La helada persistía. Muchas veces los
lobos se echaban juntos, en silencio y pensativos, calentándose uno contra el
otro, y escuchaban acongojados el vacío mortal que los rodeaba, hasta que uno,
martirizado por los maltratos espantosos del hambre, pegaba de pronto un salto
con un alarido terrorífico. Entonces todos los demás dirigían sus hocicos hacia
él, temblaban, y rompían al unísono en un aullido terrible, amenazador y
quejumbroso.
Por fin la parte más chica de la manada
decidió partir. Abandonaron sus madrigueras al despuntar el alba, se reunieron
y olisquearon excitados y temerosos el aire helado. Luego partieron al trote,
rápido y con un ritmo parejo. Los que quedaban atrás los miraron con ojos muy
abiertos y vidriosos, los siguieron una docena de pasos, se detuvieron
indecisos y desorientados, y regresaron lentamente a sus cuevas vacías.

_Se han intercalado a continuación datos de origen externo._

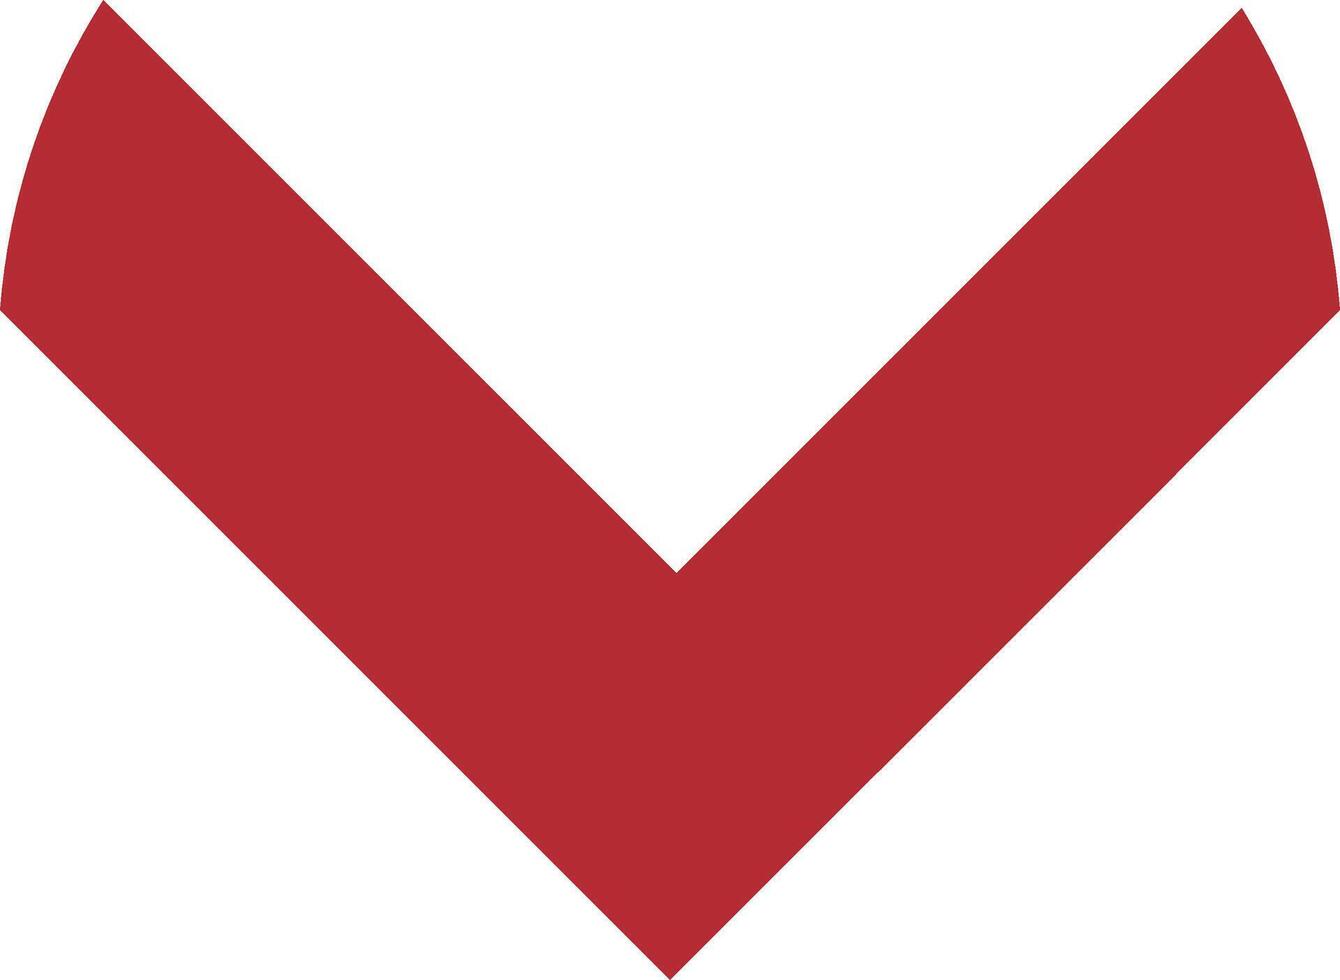 Decorative v shape for logo vector

Los emigrantes se separaron al mediodía.
Tres de ellos se dirigieron hacia el oeste, a los montes del Jura suizo; los
otros siguieron hacia el sur. Los tres primeros eran animales hermosos,
fuertes, pero terriblemente flacos. El estómago de color claro, combado hacia
dentro, era delgado como una correa; en el pecho se destacaban tristemente las
costillas; las bocas estaban secas y los ojos abiertos y desesperados. De tres
en tres se internaron lejos en los montes; al segundo día cazaron un carnero,
al tercero, un perro y un potrillo, y fueron perseguidos en todas partes por
los campesinos furiosos. En la zona, rica en pueblos y ciudades, se diseminó el
miedo y el temor ante los invasores desacostumbrados. La gente armó los trineos
del correo; nadie iba de un pueblo a otro sin su arma. En esa zona desconocida,
tras tan buen botín, los tres animales se sentían a la vez temerosos y a gusto;
se volvieron más arriesgados de lo que jamás habían sido en casa, y asaltaron
el corral de una granja a plena luz del día. Mugidos de vacas, crujido de
listones de madera que se partían, sonido de cascos y una respiración caliente,
jadeante, llenaron el ambiente angosto y cálido. Pero esta vez interfirieron
los humanos. Habían puesto un precio a la cabeza de los lobos, lo que duplicó
el coraje de los granjeros. Mataron a dos de ellos: a uno le perforó el cuello
una bala de escopeta, el otro fue muerto con un hacha. El tercero escapó y
corrió hasta que se desplomó sobre la nieve, casi muerto. Era el más joven y
hermoso de los lobos, un animal orgulloso con formas armónicas y una fuerza
imponente. Durante un rato largo quedó echado, jadeando. Delante de sus ojos se
arremolinaban círculos rojos y sanguinolentos, y de vez en cuando emitía un
quejido silbante, doloroso. Un hachazo le había dado en el lomo. Pero se
recuperó y pudo volver a levantarse. Solo entonces vio cuán lejos había
corrido. En ningún lado podían verse personas o casas. Delante de él se
encontraba una montaña imponente, nevada. Era el Chasseral. Decidió rodearlo.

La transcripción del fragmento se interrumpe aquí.